I get that this is maddening. That’s my point. As an investor, I want to wait until most of the probabilities are lining up in my favor. Right now, for FEYE –and many stocks–it’s tough to say that’s the case. Ergo, the “too hard” pile. Good luck to you, whichever way you lean.
Remember, if it was easy, then no one would make money.
If you enjoy the content at iBankCoin, please follow us on Twitter
Great post. I decided to be an investor, in the damn 30’s. I’m an easy target here, lol.
Thanks for the info. Very informative.
Great stuff!
To be clear PANW does not give away WildFire, they charge for the subscription. FTNT does not give it away either and their product sucks unless you buy FortiSandbox which starts out at 30k then jumps to 100k vs 11k for an NX900 and on from there. Also the PANW and FTNT products time to block is close to 2 days at current because they use signature rollups to block where as FEYE is 5 min on-prem and 30 min globally via hash sharing. FTNT also doesn’t require threat sharing be default whereas FEYE charges you more if you disable DTI. There is simply no comparison between the products, FEYE just dominates the others. That said, I have not been selling much of any of the products this quarter, its all been assessments, not hardware.
The “market of lemons” (asymmetric information markets) I described is real.

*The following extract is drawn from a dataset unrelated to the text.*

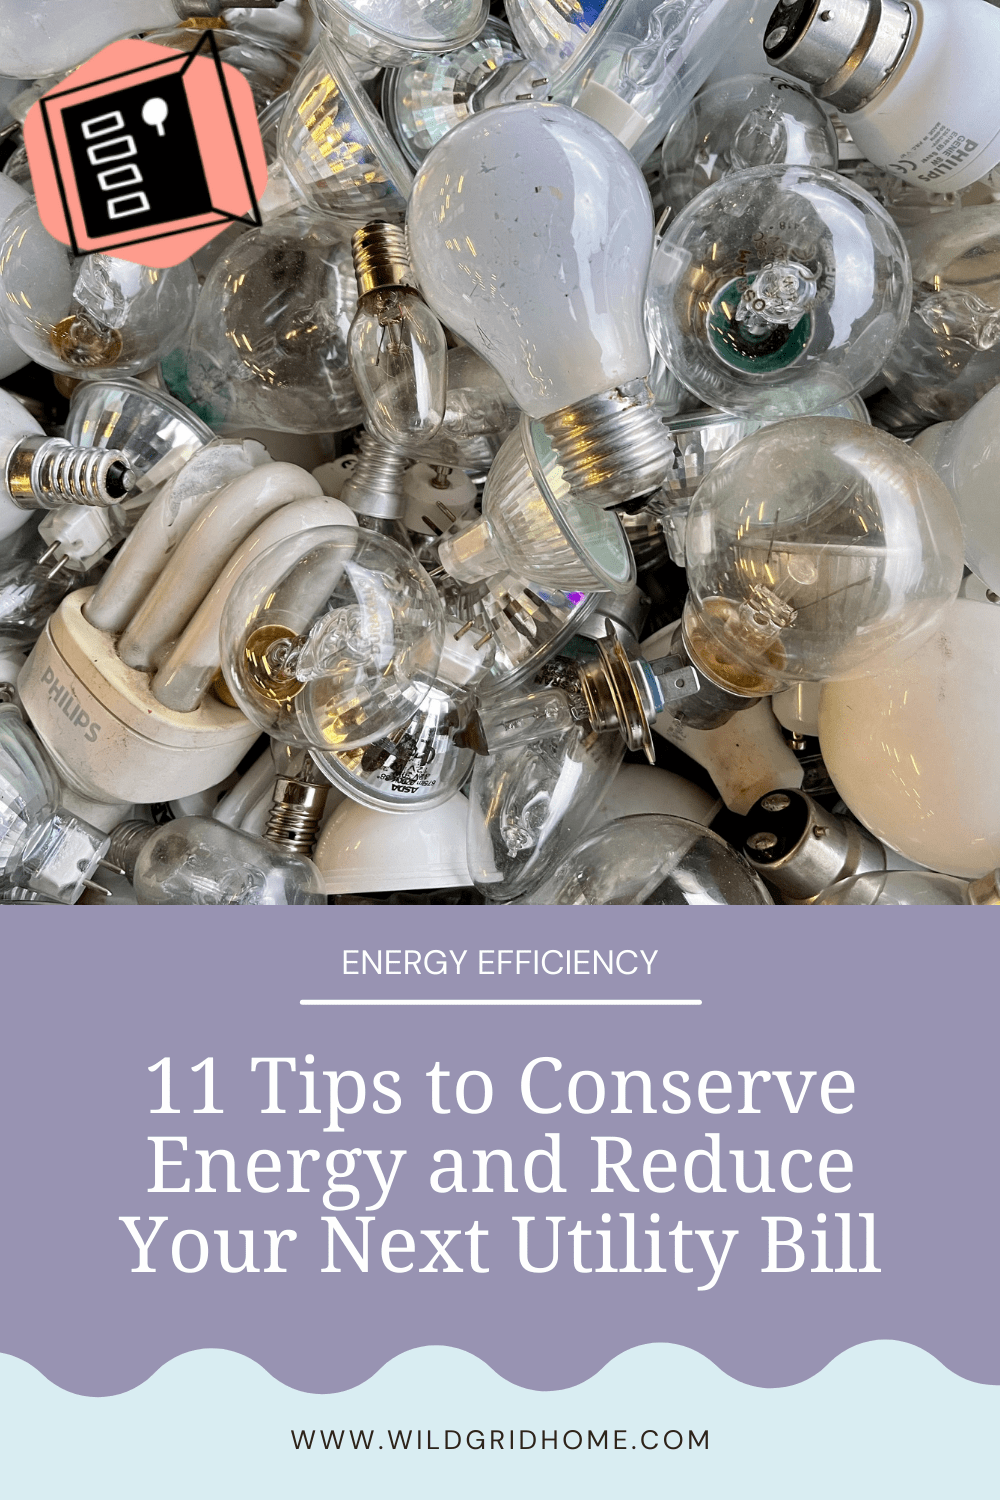 11 Tips to Conserve Energy & Reduce Your Next Utility Bill - Wildgrid Home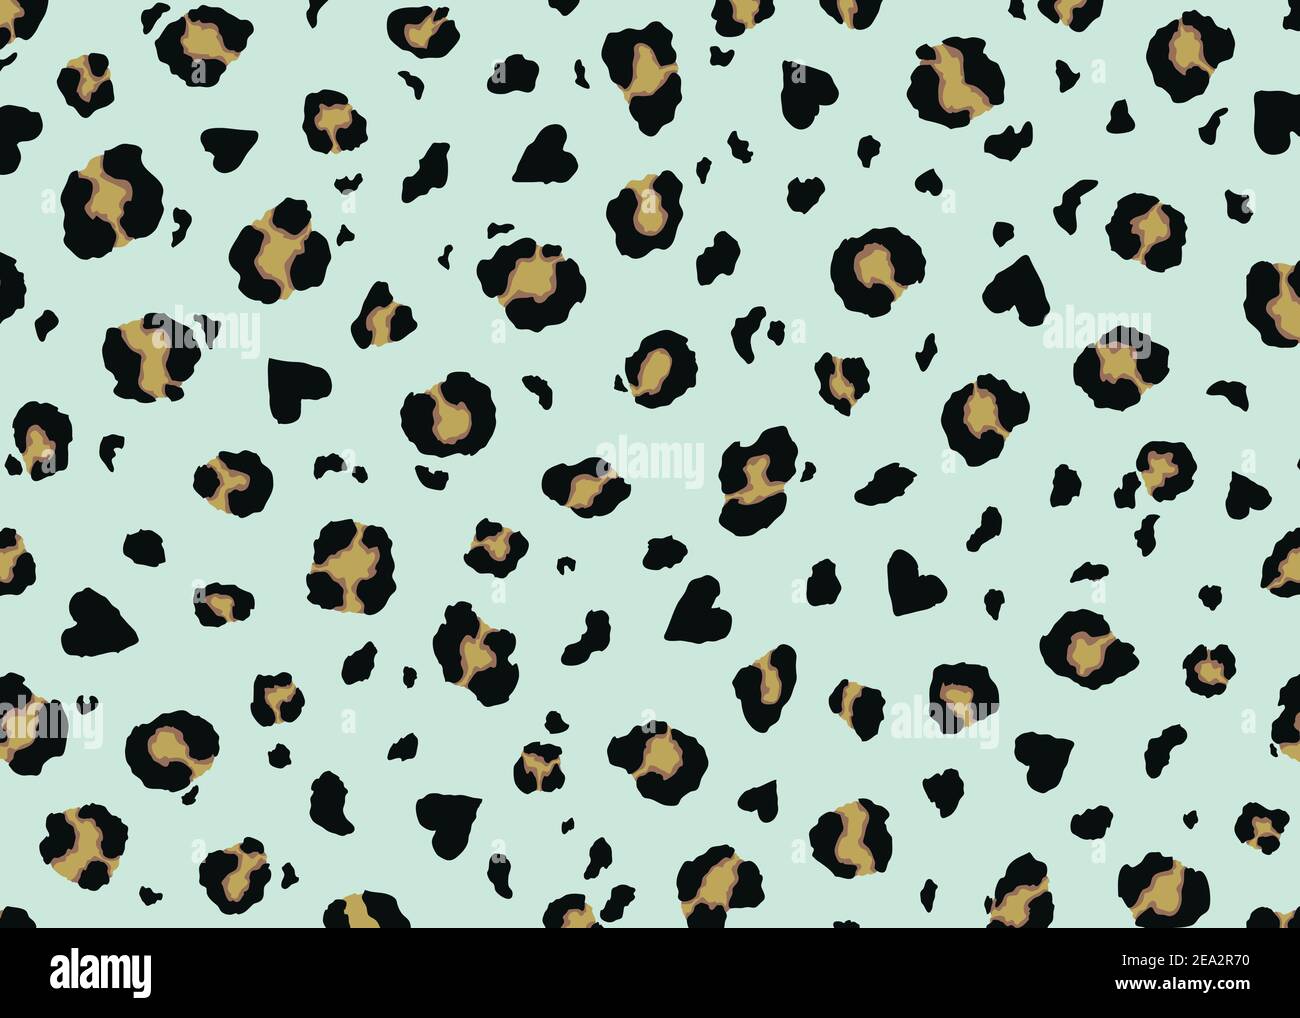 Leopard skin pattern design with abstract heart shapes. Vector illustration background. Wildlife fur skin design illustration. Stock Vector

Everyone certainly wants to charge for their sandbox subscription, I agree. It depends on what’s at stake whether FEYE competitors throw in a “free” trial (or a “special discount” applied to a larger multi-product purchase that compensates for its cost, and lasts for as long as the customer keeps the products deployed).
I don’t disagree with what you’re saying though, FEYE does have a superior technology edge. Unfortunately, the sandbox is still not a compliance-mandated control, and therefore it lacks formal budget. As a discretionary budget purchase, they’re susceptible to air gaps in sales when “attacks from China slow”, which is why the stock is getting torched in the AH.
I wouldn’t be surprised to see shareholders asking for DeWalt’s head soon. I was hoping to see it down in the mid-teens to go long. Could be wrong of course, but I still don’t think we’ve seen a bottom.